Students are barely going to be on campus this academic year. Some won’t be on campus at all. Now more than ever the SU must get their message out in a major way. UCD management has gotten away with so many anti-student measures over the years with barely any pushback from our elected representatives and this SU has promised to bring them to task, and rightly so. To do that though, the SU is going to need a lot of student support behind them. That’s why it was so disappointing to see them say they wouldn’t be taking part in Orientation Week this year and would continue to work at home instead. This is the year the SU needs to build up student confidence

UCD needs to see more of an outcry from their students. UCD management has been the definition of greedy for years now, and that sadly doesn’t look like it’ll change in the short-term. Students need to do something more radical to get their attention. In Trinity, they camped out in front of the entrance to the Book of Kells. DCU students had a large, very active protest on school grounds, online, and in the media. UCD students deserve better, and the only way President Andrew Deeks is going to pay attention to us is via more radical means than the SU sending out strongly-worded statements. We need to have large, active protests about the years of cuts to mental healthcare funding on campus, or the major amounts of money students are expected to pay this year for an educational experience we could all get off of a Wikipedia page, or so many of the other disdainful decisions that have been made by UCD management over the past ten-plus years.
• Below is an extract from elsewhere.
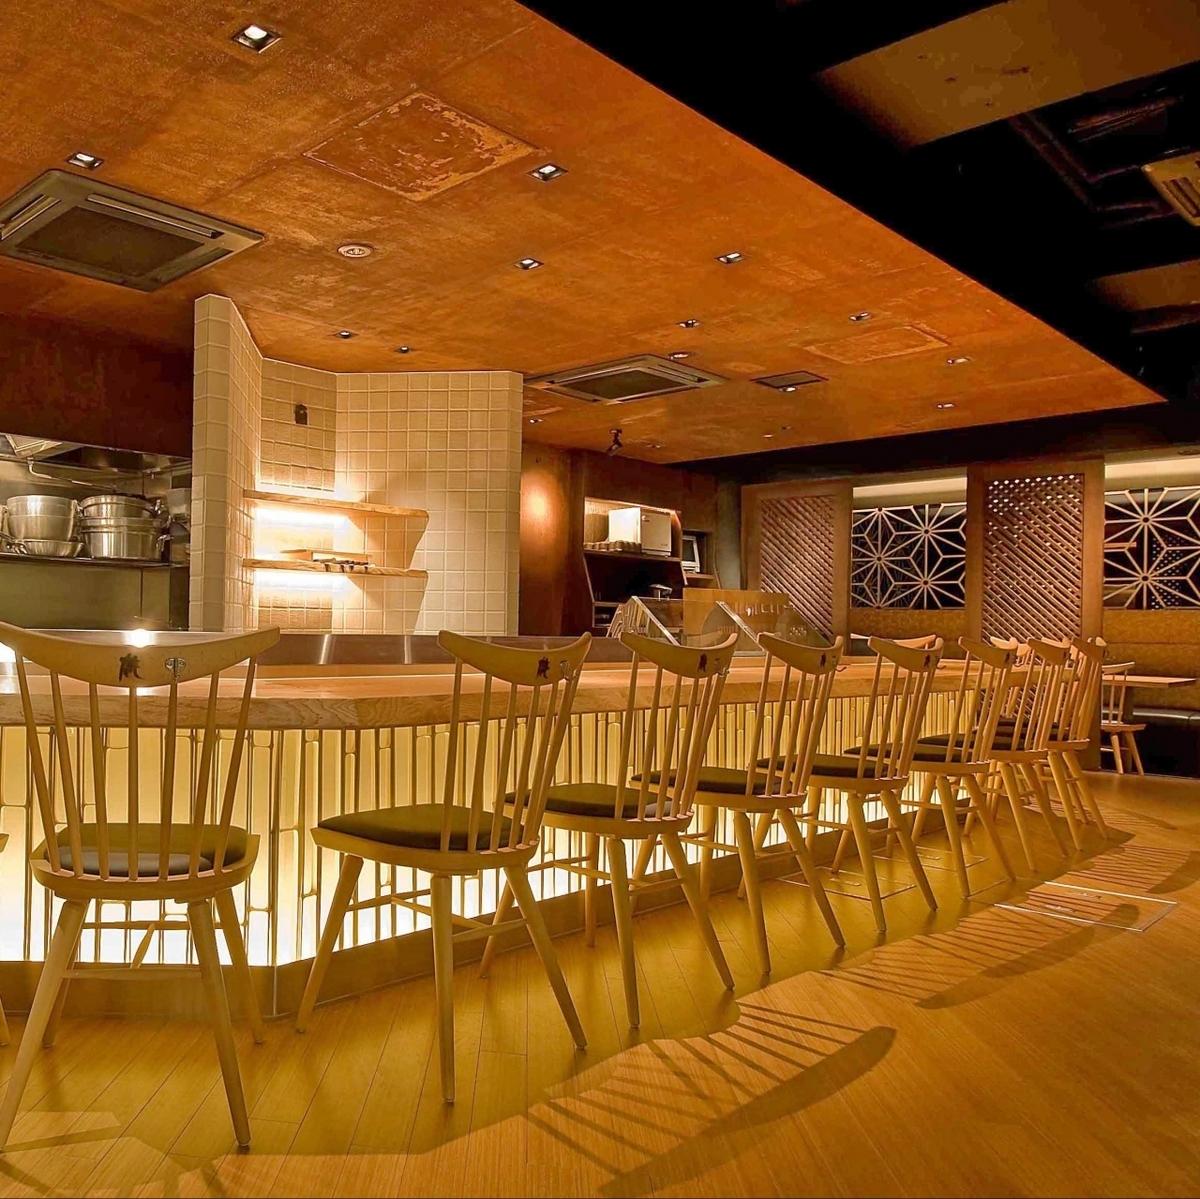 座位有生活感,在那裡你可以看到面前的食物。一張溫暖的桌子☆
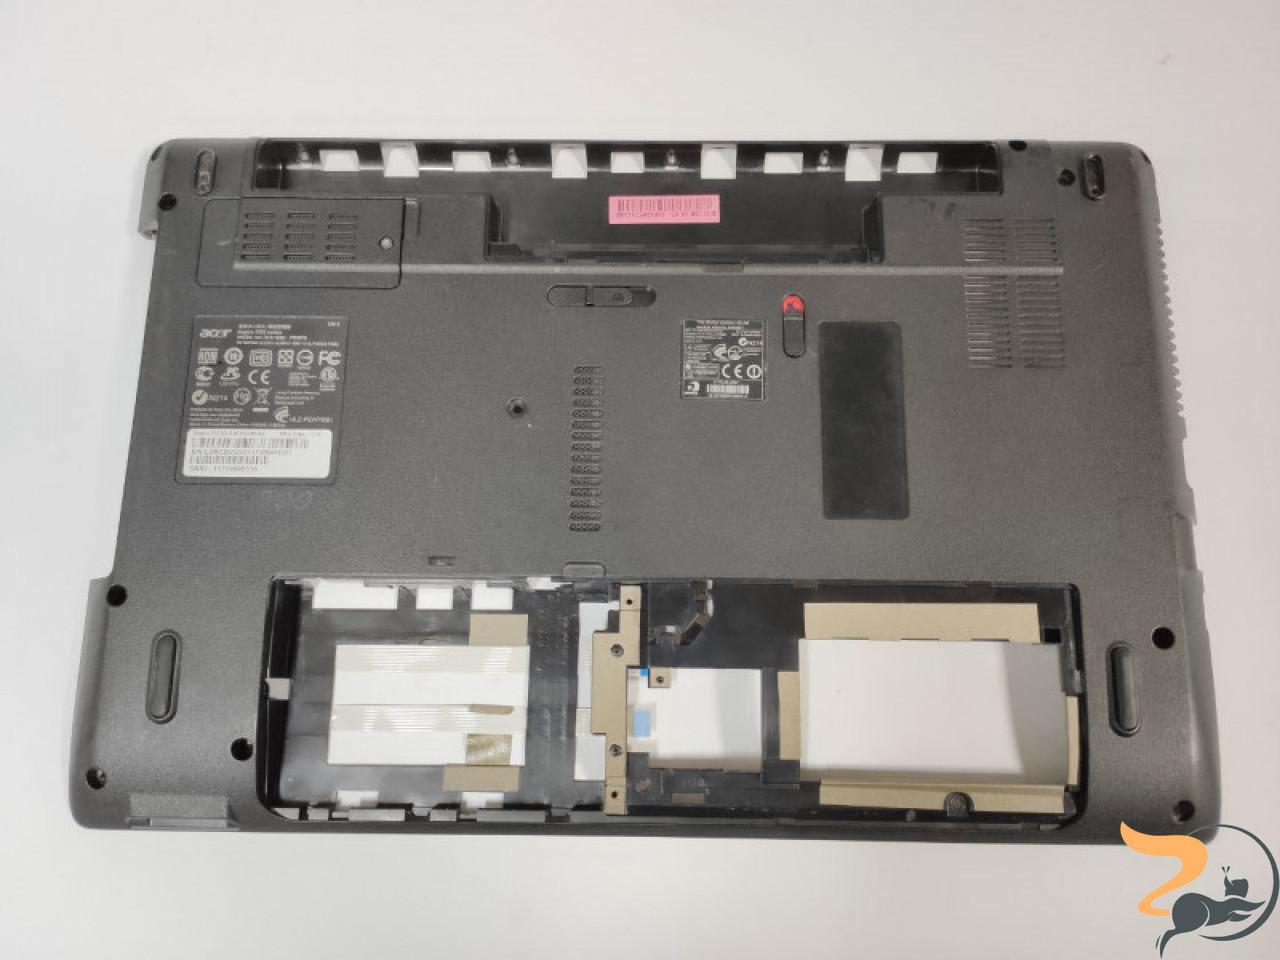 """Нижня частина корпуса для ноутбука Acer Aspire 5552G, 15.6"""", AP0FO000700, Б/В. Зламане одне кріплення (фото), продається з додатковими платами (фото),"""

The SU needs to be active, and grab some sort of media spotlight, and they need to plant the groundwork for it now. They need to be actively engaging with people that will be on campus, while also taking care to have a strong, professional online presence so that those that have to sit and learn at home can feel encouraged to get involved in whatever way they can. This is the year that students in this university can take back an inkling of control from UCD management, and if it’s not done now we risk even more horrible treatment in the future.